No pictures in the copy. Write out the listing below exactly.

* [Data section]:
*** Begin section ***

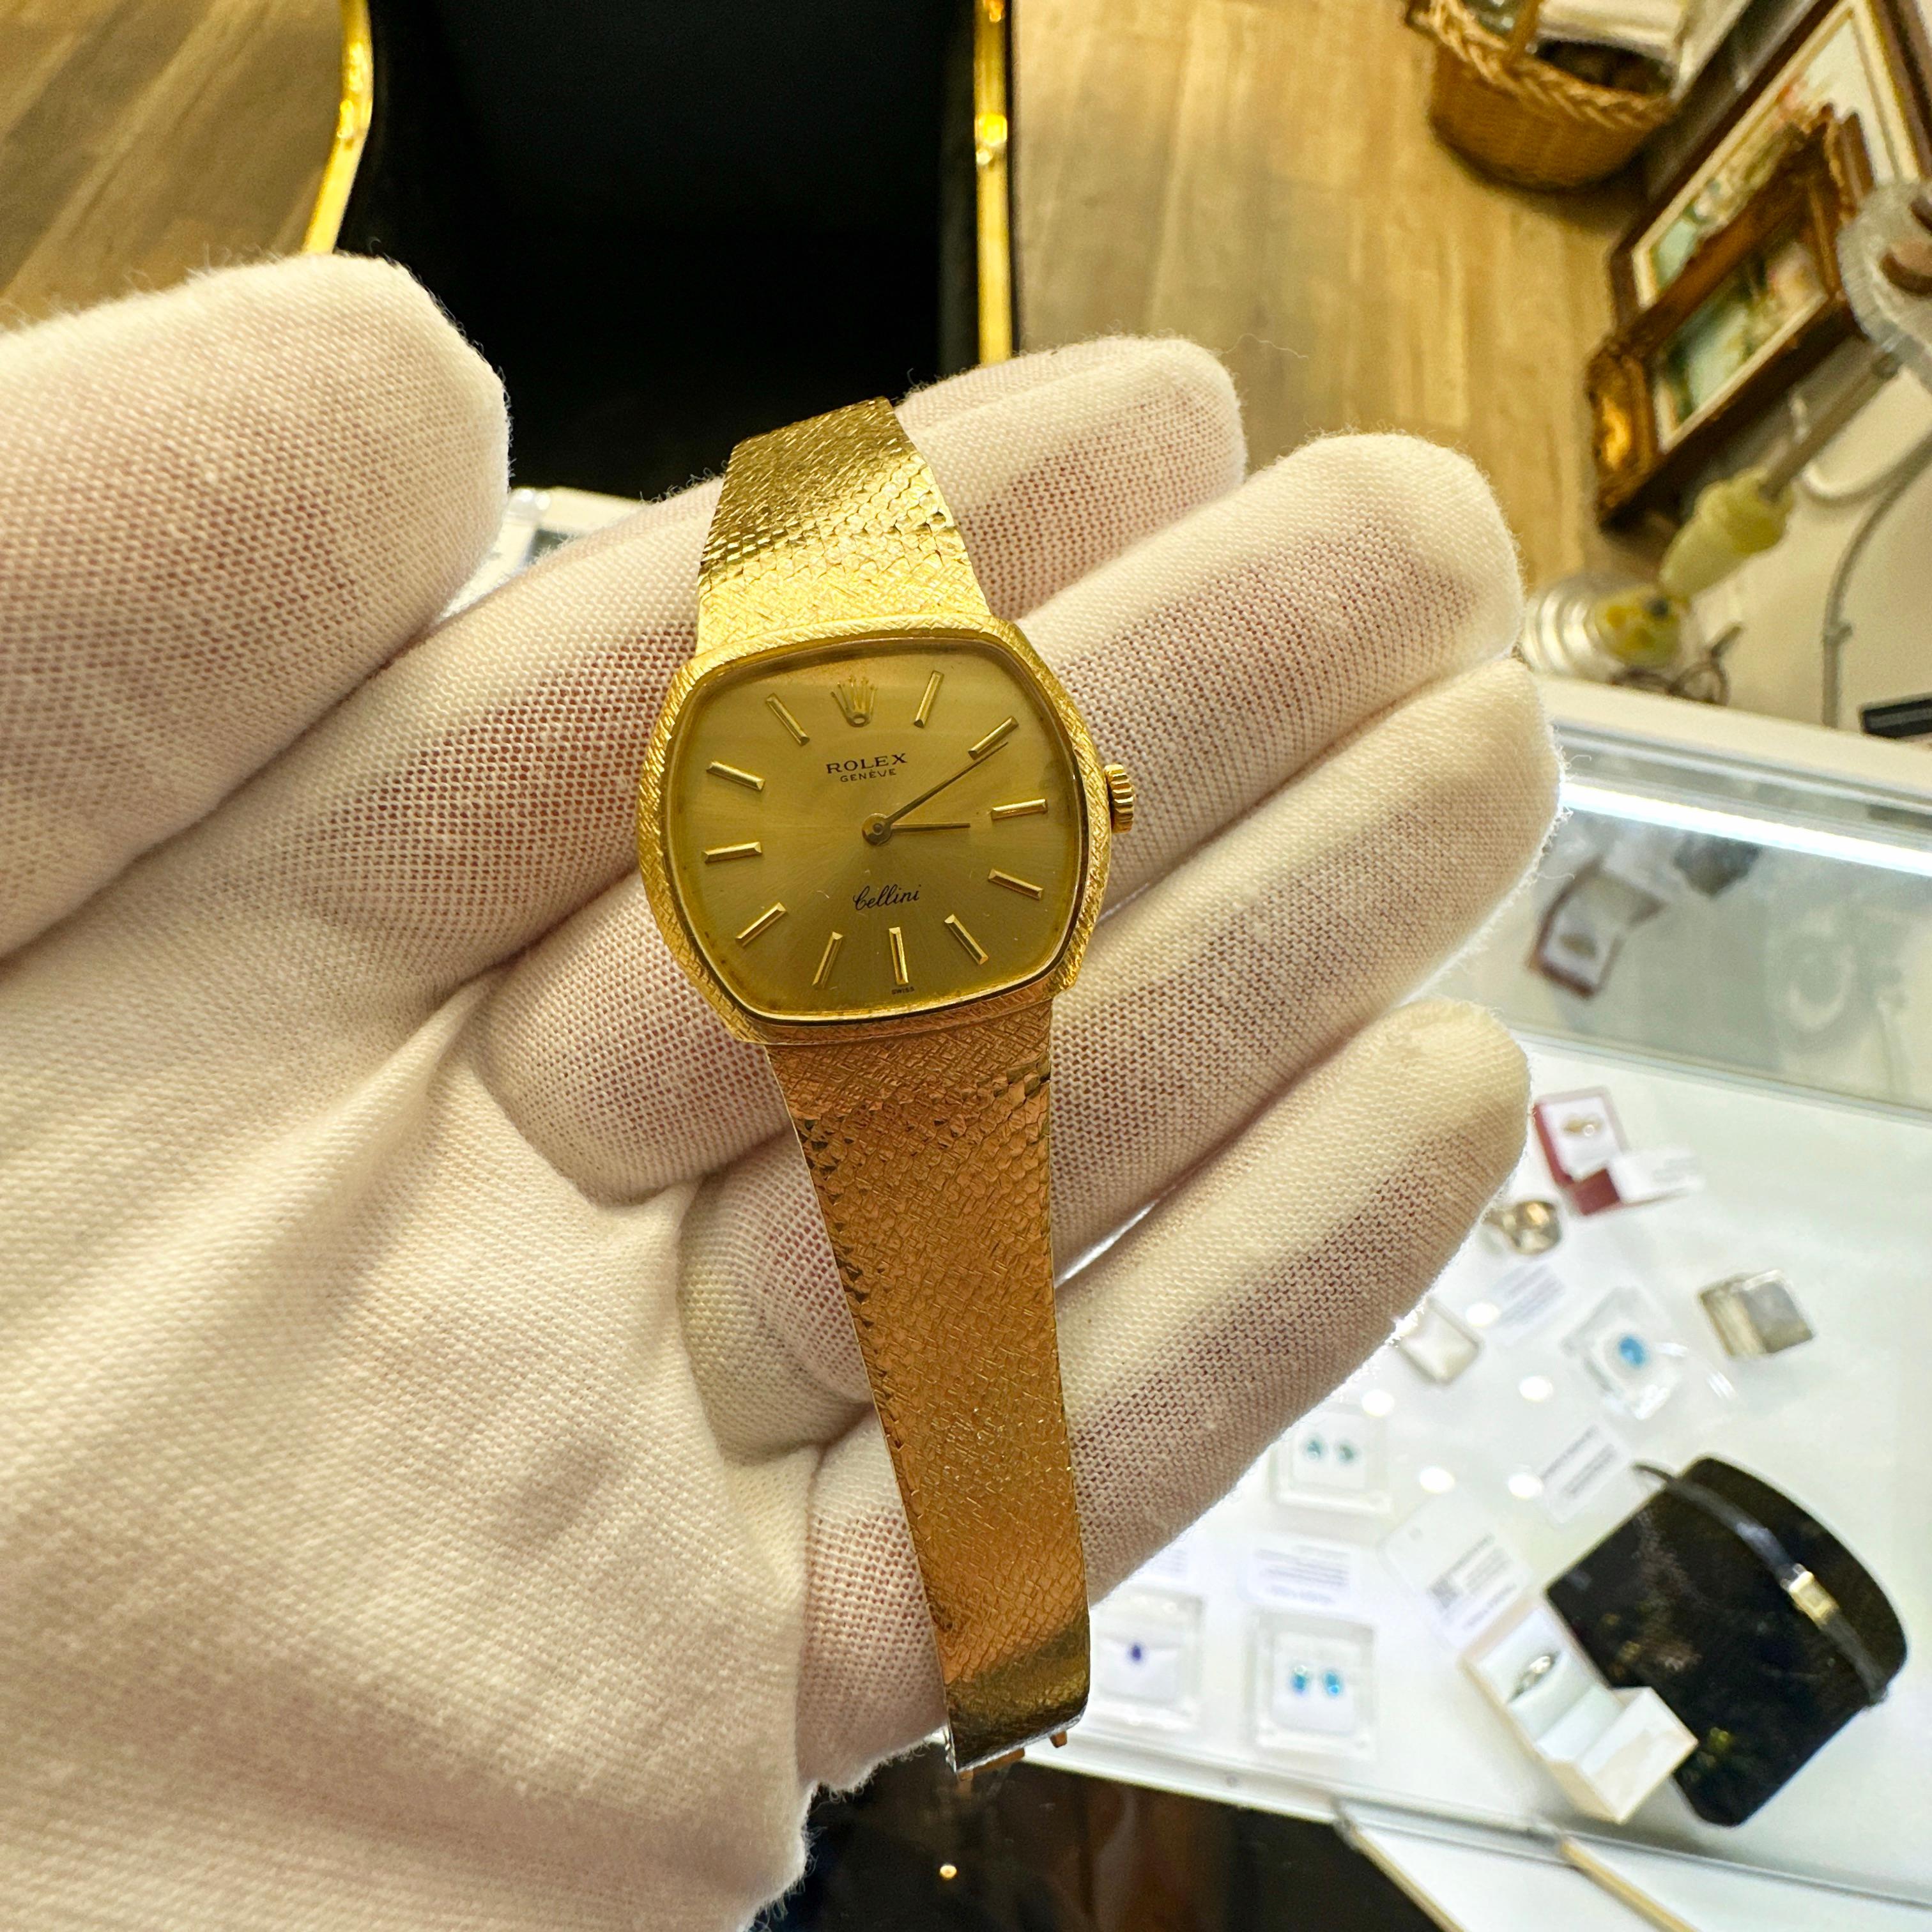 Hier ist eine schöne 18k Gelbgold Damen ROLEX Cellini Armbanduhr. Diese schöne Uhr zeichnet sich durch ihr elegantes und klassisches Design aus und richtet sich an Menschen, die raffinierte Ästhetik und traditionelle Handwerkskunst schätzen.
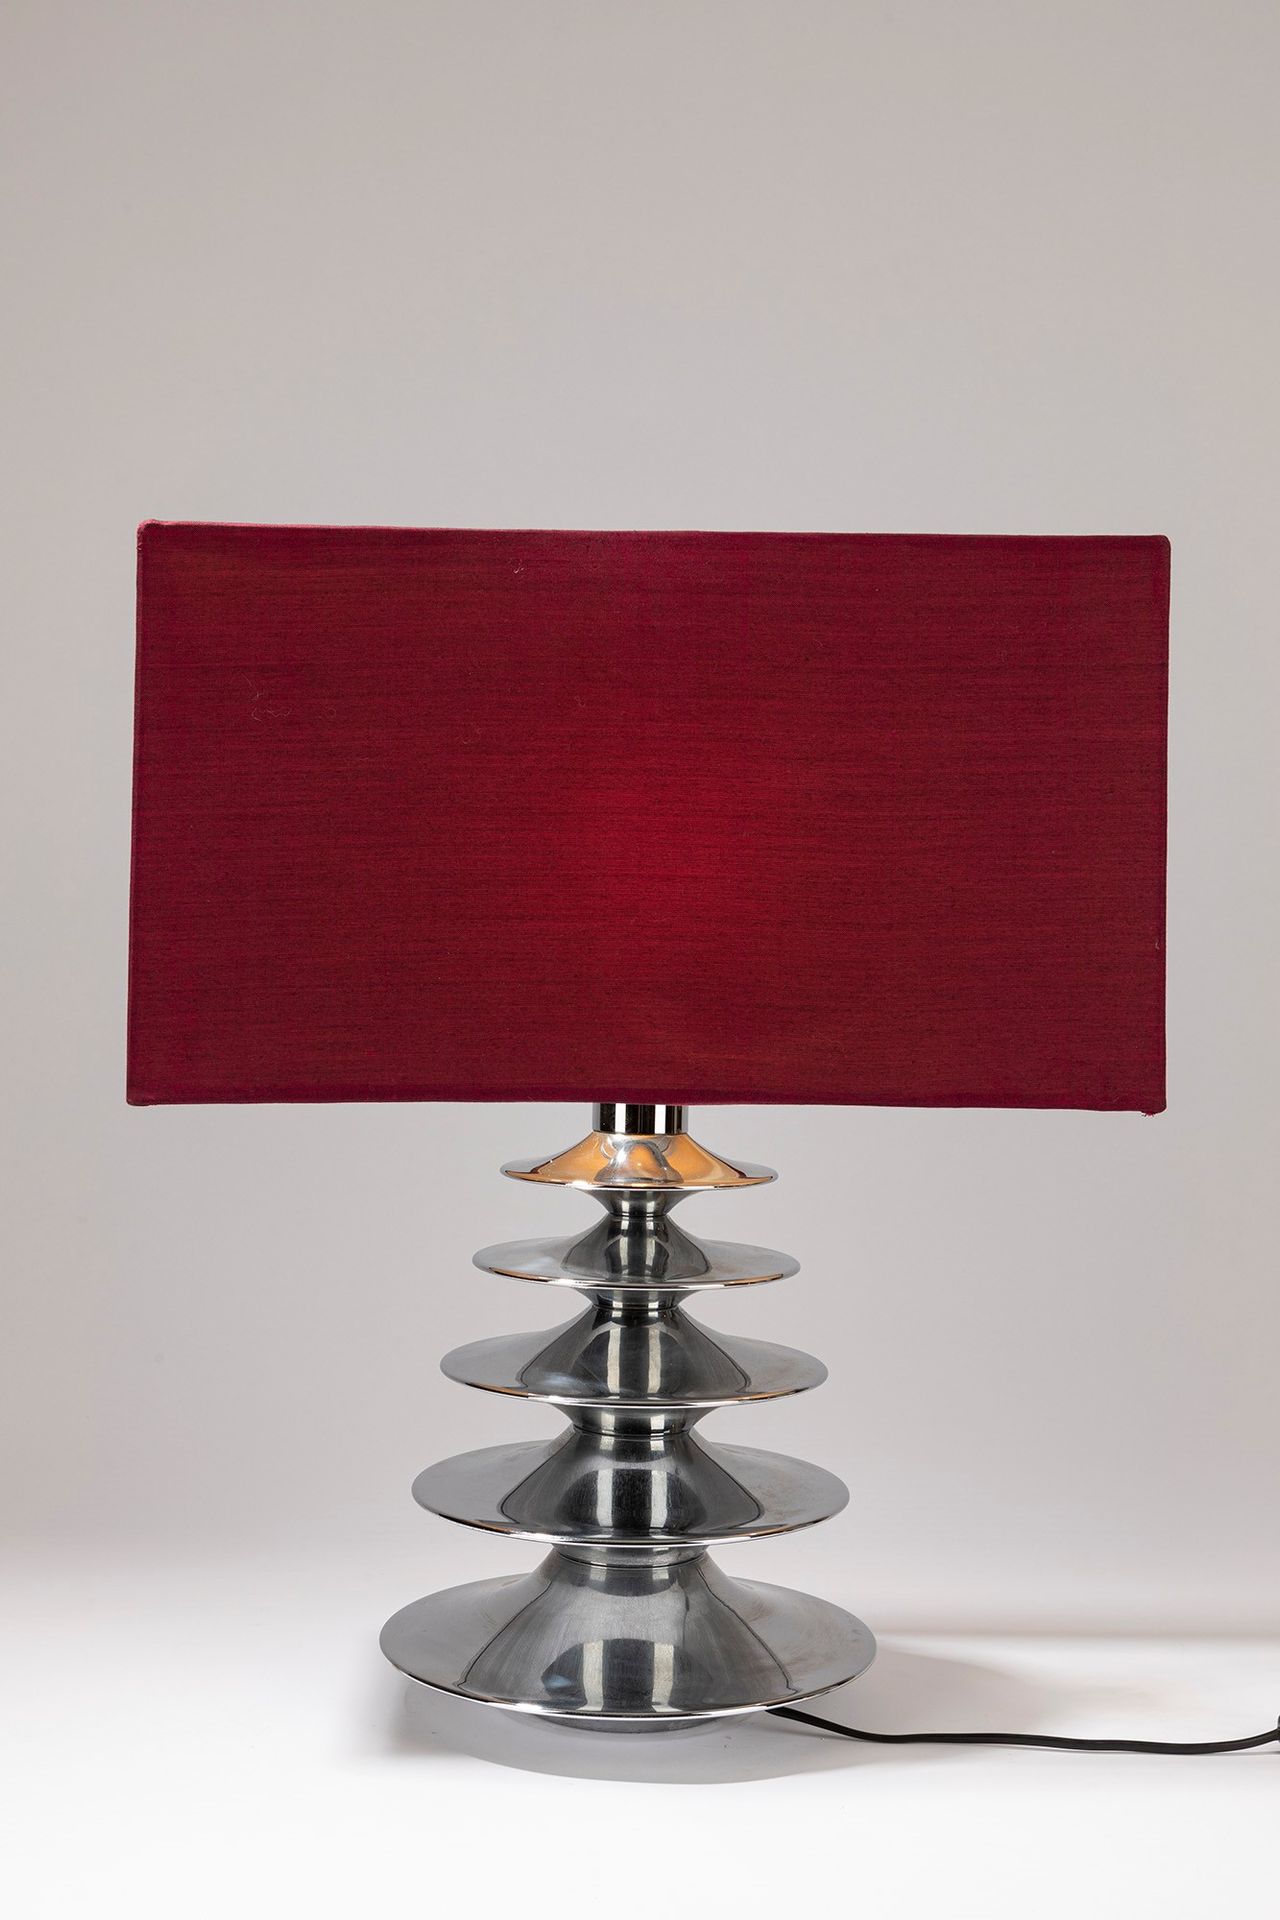 ITALIAN MANUFACTURE Lampe de table, période 70's

cm 50 x 17 x 60 H
acier chromé&hellip;

*** End section ***

* [Response to this exercise]:
 Hier ist eine schöne 18k Gelbgold Damen ROLEX Cellini Armbanduhr. Diese schöne Uhr zeichnet sich durch ihr elegantes und klassisches Design aus und richtet sich an Menschen, die raffinierte Ästhetik und traditionelle Handwerkskunst schätzen.
 ITALIAN MANUFACTURE Lampe de table, période 70's

cm 50 x 17 x 60 H
acier chromé&hellip;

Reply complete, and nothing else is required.